Prior to her appointment with Dr. Levy, Sawyers initiated the administrative complaint process by completing an intake questionnaire with the Maryland Commission on Civil Rights (“MCCR”) on May 17, 2010. Sawyers alleges that the intake questionnaire listed sex and retaliation as bases for her complaint, and indicated that the issues included harassment, suspension, and differential treatment.3 According to Sawyers, MCCR employee Barbara Green facilitated the filing process and, in December 2010, allegedly encouraged Sawyers to drop her discrimination charges against UPS. Green also allegedly mailed Sawyers a withdrawal form and contacted her several times seeking its execution. Sawyers alleges that when she met with Green, she explained that her issues involved discriminatory enforcement of eom*437pany policies, such as the use of idle time, as well as the distribution of overtime work and start times.

Sawyers’ final charge of discrimination, however, lists sex as the sole discriminatory basis. (See Def.’s Mot. Ex. 1). Moreover, the charge describes issues related to the idle time, lunch break extensions, overtime, and demons referenced above. (See id.) On March 26, 2012, the MCCR entered a decision adverse to Sawyers. Sawyers timely filed a request for reconsideration, which the MCCR denied on April 16, 2012. The U.S. Equal Employment Opportunity Commission (“EEOC”) adopted the MCCR’s findings and issued its Dismissal and Notice of Right to Sue on August 1, 2012.

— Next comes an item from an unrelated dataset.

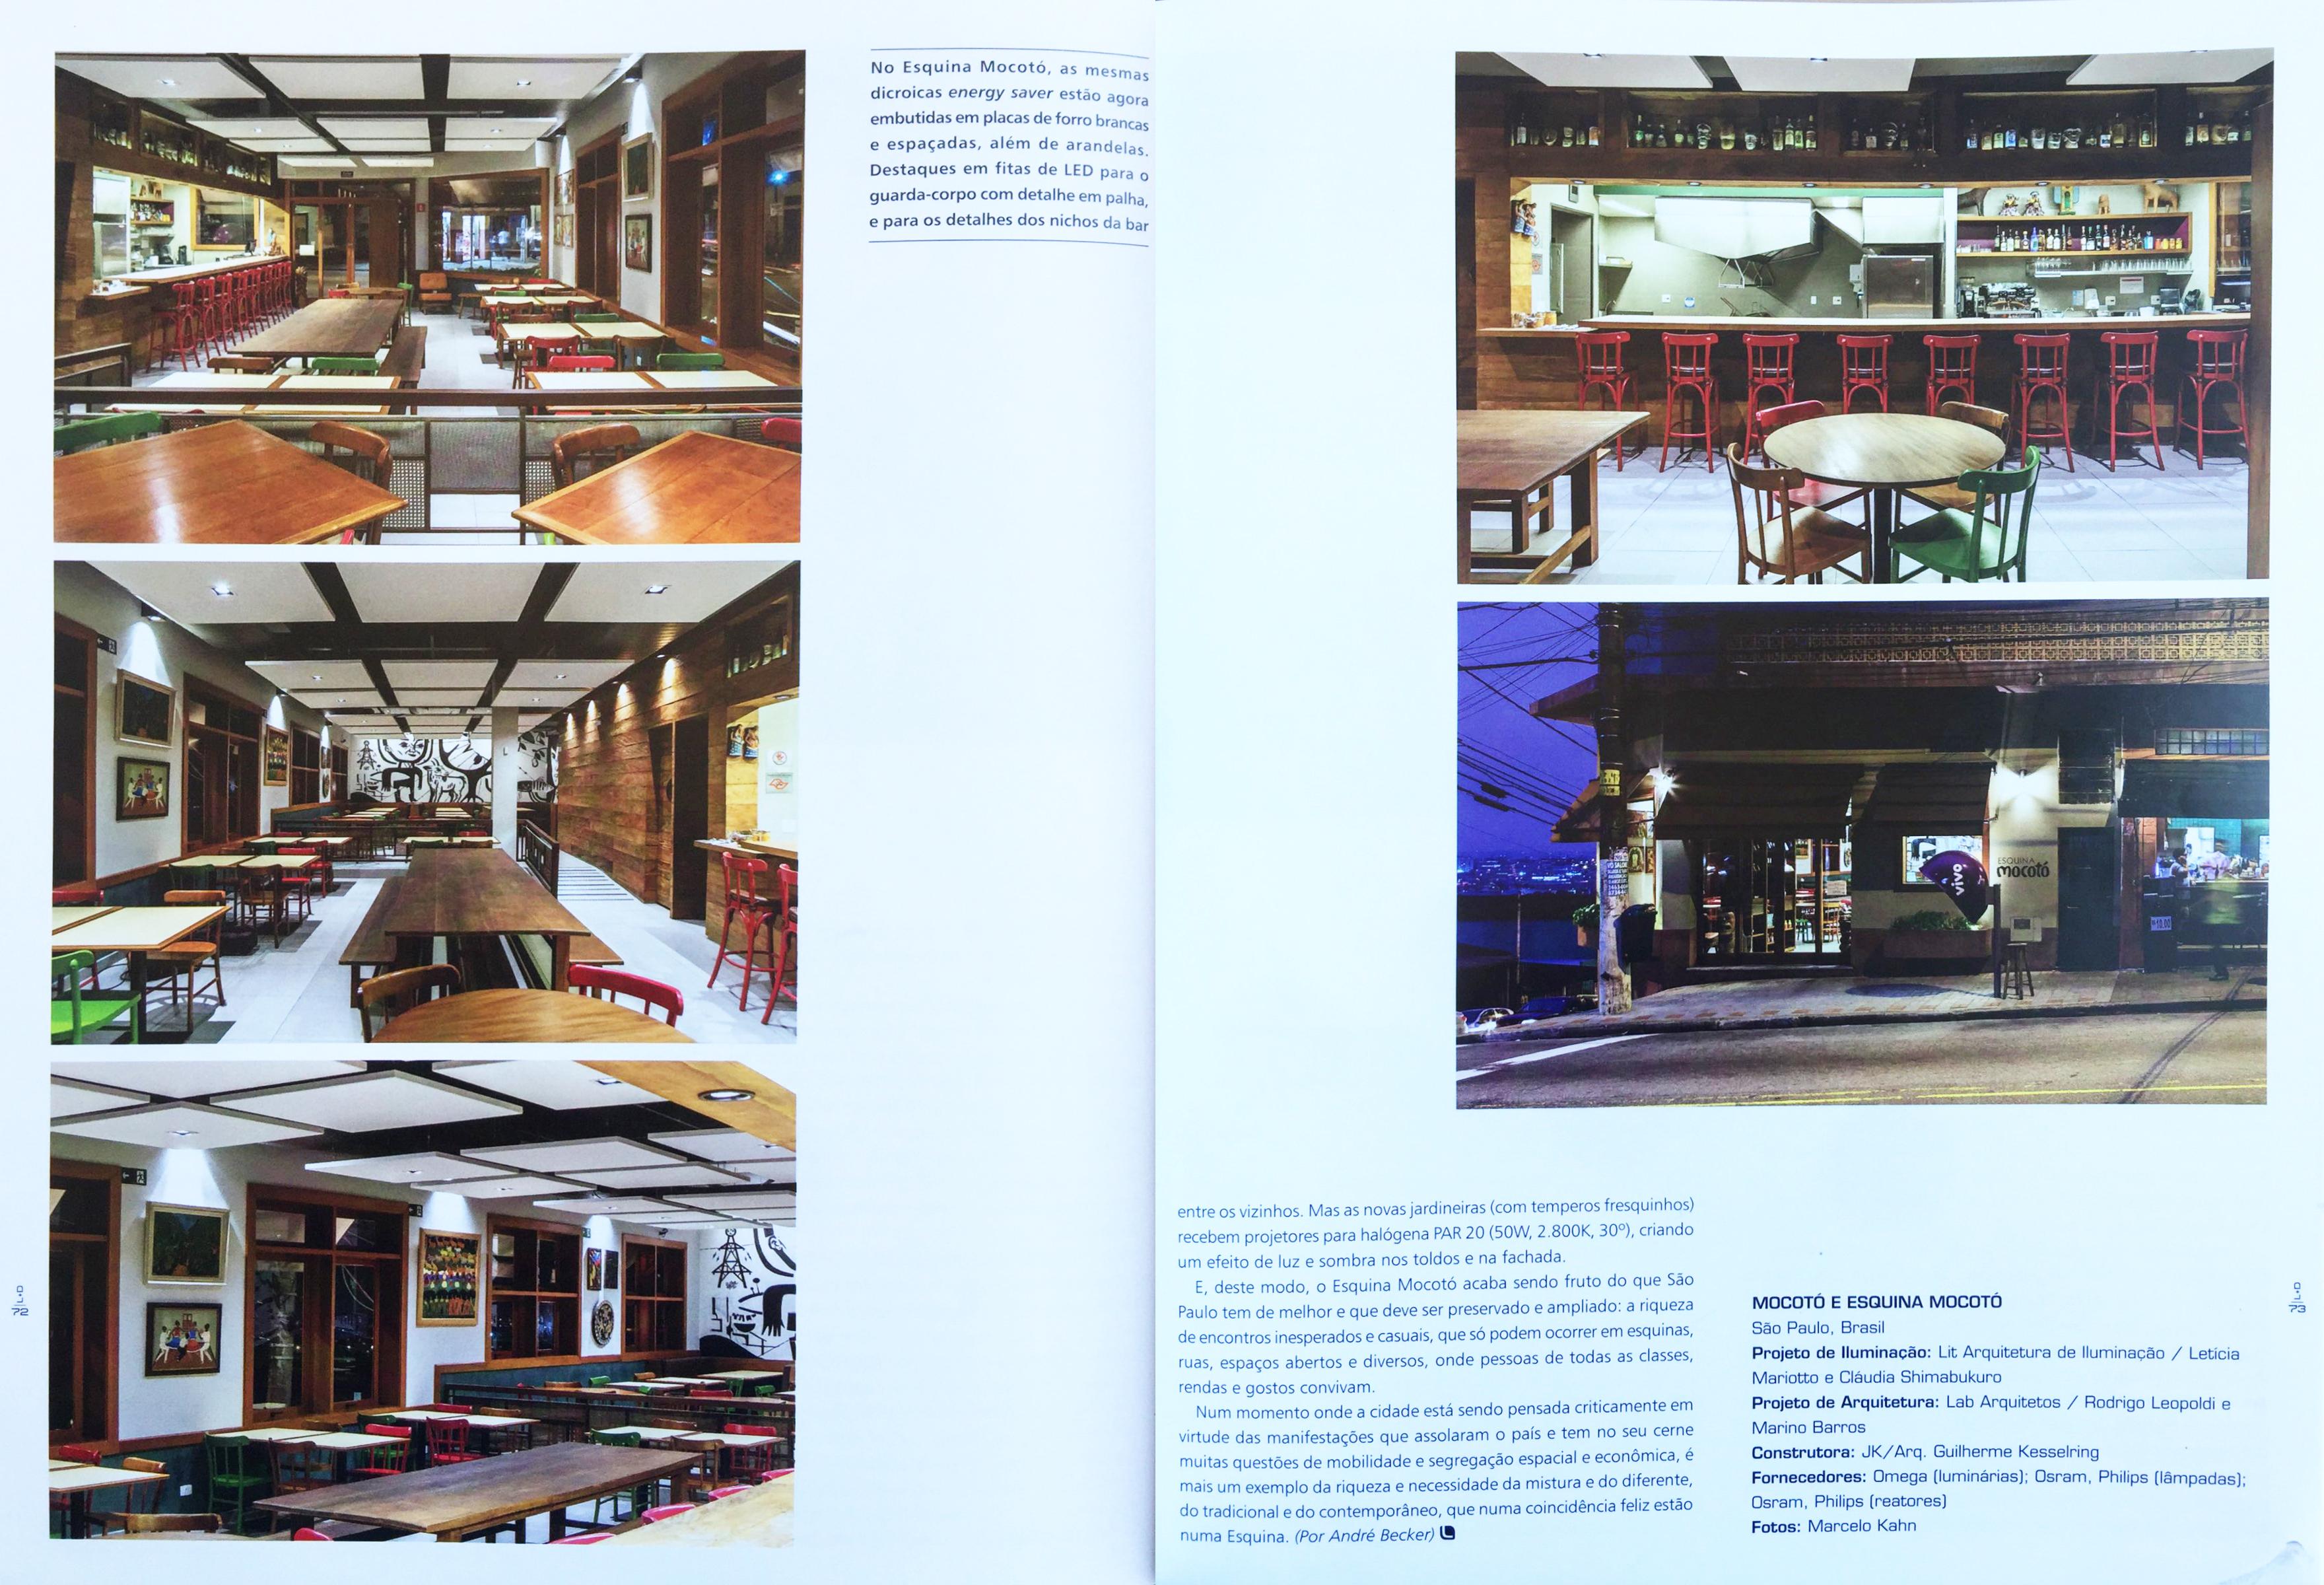 arquitetura-labarquitetos-residencial-publicacao-ld45-03

Sawyers commenced the pending action in this Court on October 30, 2012. UPS filed a Motion to Dismiss on January 14, 2013. On February 4, 2013, Sawyers filed the First Amended Complaint in response.4 UPS then filed the pending Motion to Dismiss on February 28, 2013.

II. DISCUSSION

A. Standard of Review

UPS moves to dismiss Sawyers’ First Amended Complaint pursuant to Federal Rules of Civil Procedure 12(b)(1) and 12(b)(6). The Court will address Sawyers’ harassment, religious discrimination, and retaliation claims pursuant to Rule 12(b)(1), and the sex discrimination claim pursuant to Rule 12(b)(6).

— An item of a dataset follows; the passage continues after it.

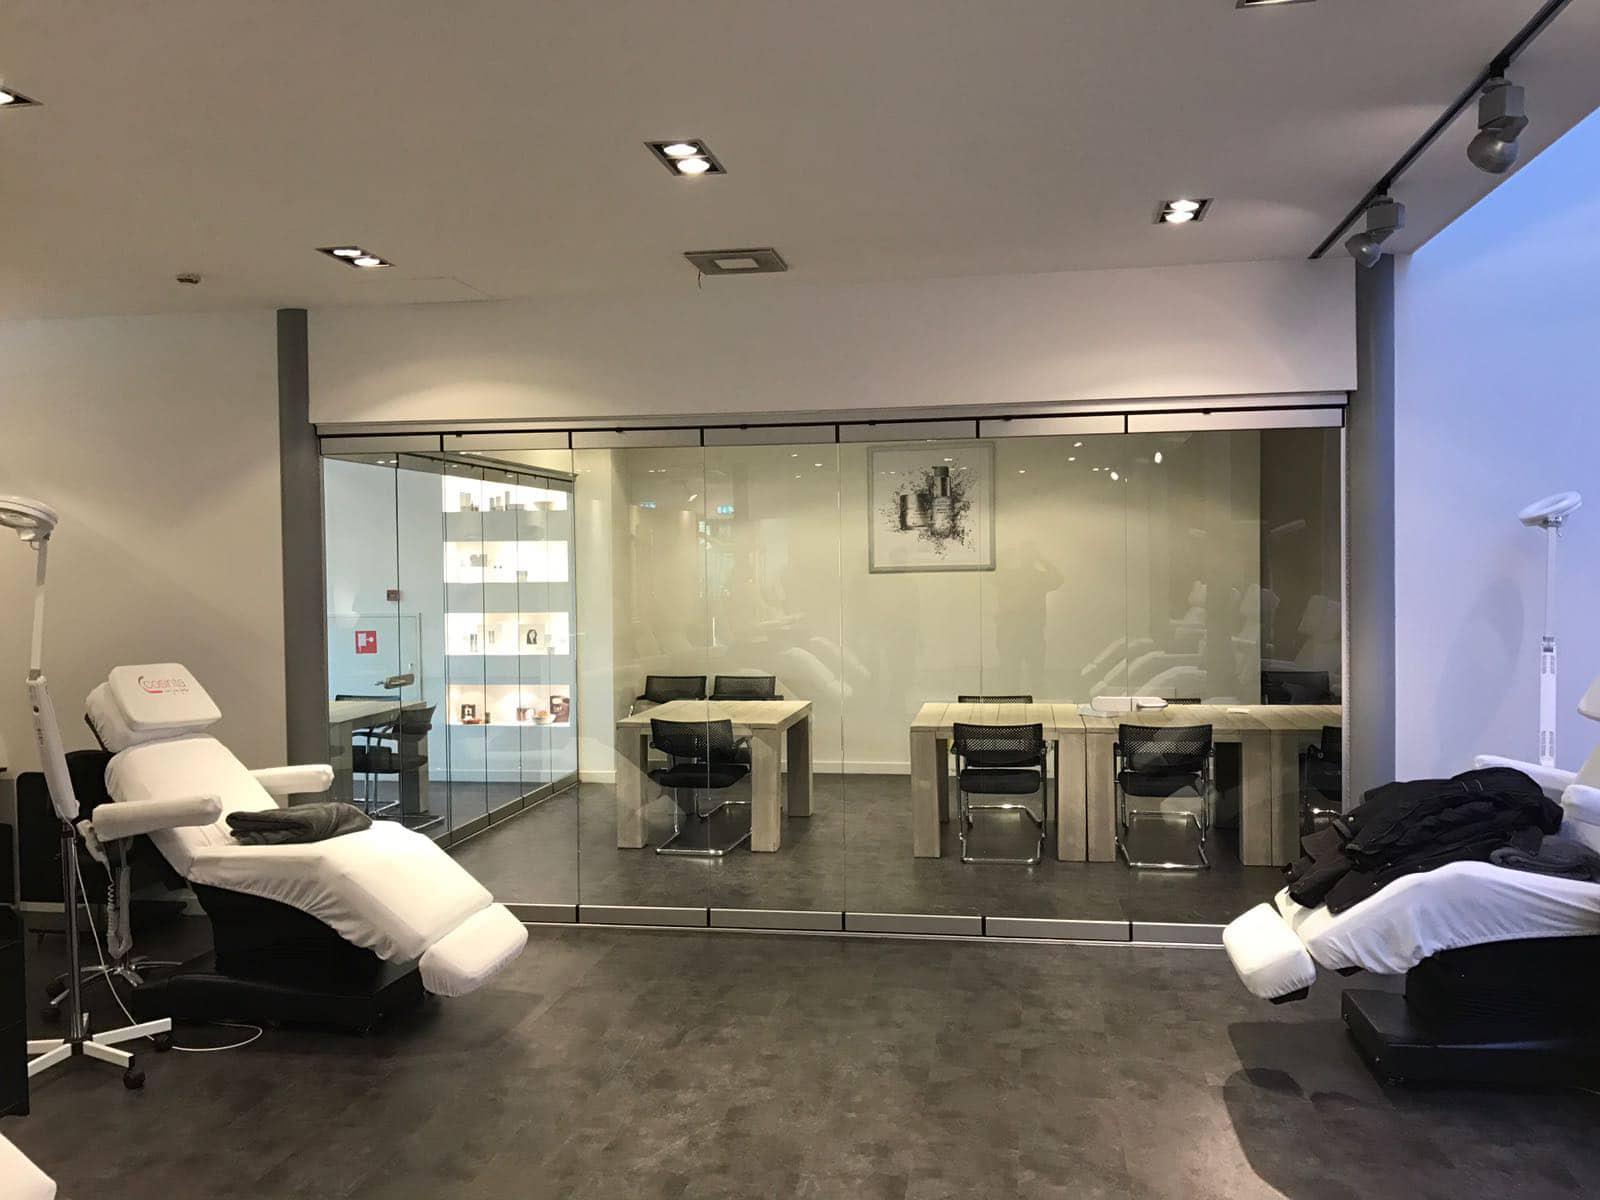 Ganzglas Schiebedreh-Anlagen Sunflex - Rauminnenabtrennung

A motion to dismiss for lack of subject matter jurisdiction is governed by Rule 12(b)(1). The plaintiff bears the burden of proving that subject matter jurisdiction properly exists in the federal court. See Evans v. B.F. Perkins Co., a Div. of Standex Int’l Corp., 166 F.3d 642, 647 (4th Cir.1999) (citation omitted). In a Rule 12(b)(1) motion, the court “may consider evidence outside the pleadings” to help determine whether it has jurisdiction over the case before it. Richmond Fredericksburg & Potomac R.R. Co. v. United States, 945 F.2d 765, 768 (4th Cir.1991) (citation omitted); see also Evans, 166 F.3d at 647. The court should grant a 12(b)(1) motion “only if the material jurisdictional facts are not in dispute and the moving party is entitled to prevail as a matter of law.” Richmond 945 F.2d at 768.

Conversely, a motion to dismiss for failure to state a claim is governed by Rule 12(b)(6). “[T]he purpose of Rule 12(b)(6) is to test the sufficiency of a complaint and not to resolve contests surrounding the facts, the merits of a claim, or the applicability of defenses.” Presley v. City of Charlottesville, 464 F.3d 480, 483 (4th Cir.2006) (alterations and internal quotation marks omitted) (quoting Edwards v. City of Goldsboro, 178 F.3d 231, 243 (4th Cir.1999)).

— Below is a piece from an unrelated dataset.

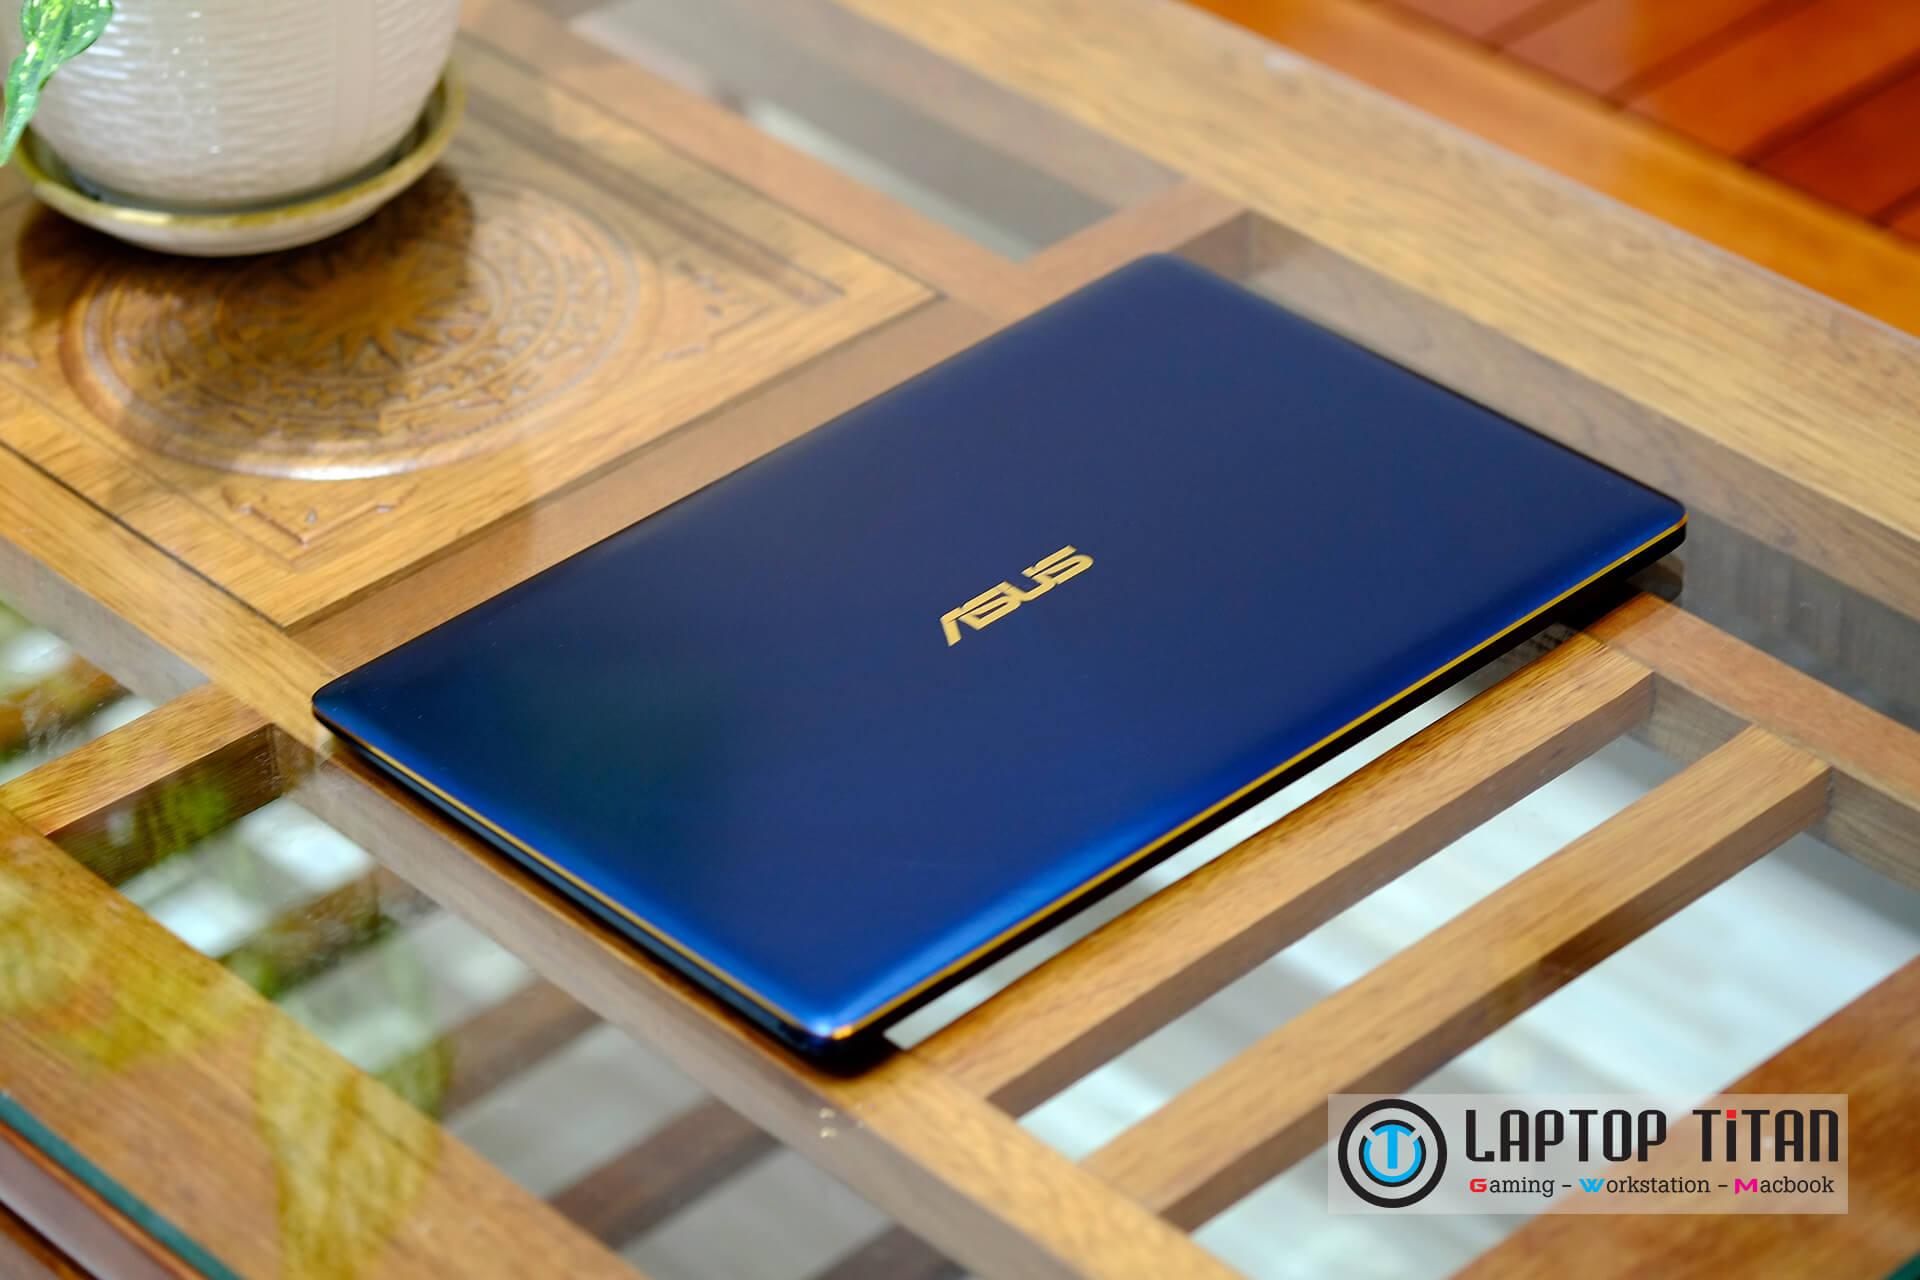 Asus Zenbook Ux390ua 9

When ruling on such a motion, the court must “accept the well-pled allegations of the complaint as true,” and “construe the facts and reasonable inferences derived therefrom in the light most favorable to the plaintiff.” Ibarra v. U.S., 120 F.3d *438472, 474 (4th Cir.1997). “Even though the requirements for pleading a proper complaint are substantially aimed at assuring that the defendant be given adequate notice of the nature of a claim being made against him, they also provide criteria for defining issues for trial and for early disposition of inappropriate complaints.” Francis v. Giacomelli, 588 F.3d 186, 192 (4th Cir.2009).

To survive a motion to dismiss, the factual allegations of a complaint “must be enough to raise a right to relief above the speculative level, ... on the assumption that all the allegations in the complaint are true (even if doubtful in fact).” Bell Atl. Corp. v. Twombly, 550 U.S. 544, 555, 127 S.Ct. 1955, 167 L.Ed.2d 929 (2007) (alterations and internal citations omitted). Thus, the plaintiffs obligation is to set forth sufficiently the “grounds of his entitlement to relief,” offering more than “labels and conclusions.” Id. (internal quotation marks and alterations omitted). “[W]here the well-pleaded facts do not permit the court to infer more than the mere possibility of misconduct, the complaint has alleged — but it has not ‘show[n]’ — ‘that the pleader is entitled to relief.’” Ashcroft v. Iqbal, 556 U.S. 662, 679, 129 S.Ct. 1937, 173 L.Ed.2d 868 (2009) (quoting Fed.R.Civ.P. 8(a)(2)).

B. Analysis

1. Failure to Exhaust Administrative Remedies

UPS avers that Sawyers’ claims of harassment, religious discrimination, and retaliation should be dismissed for lack of subject matter jurisdiction because they exceed the scope of her administrative charge. The Court agrees.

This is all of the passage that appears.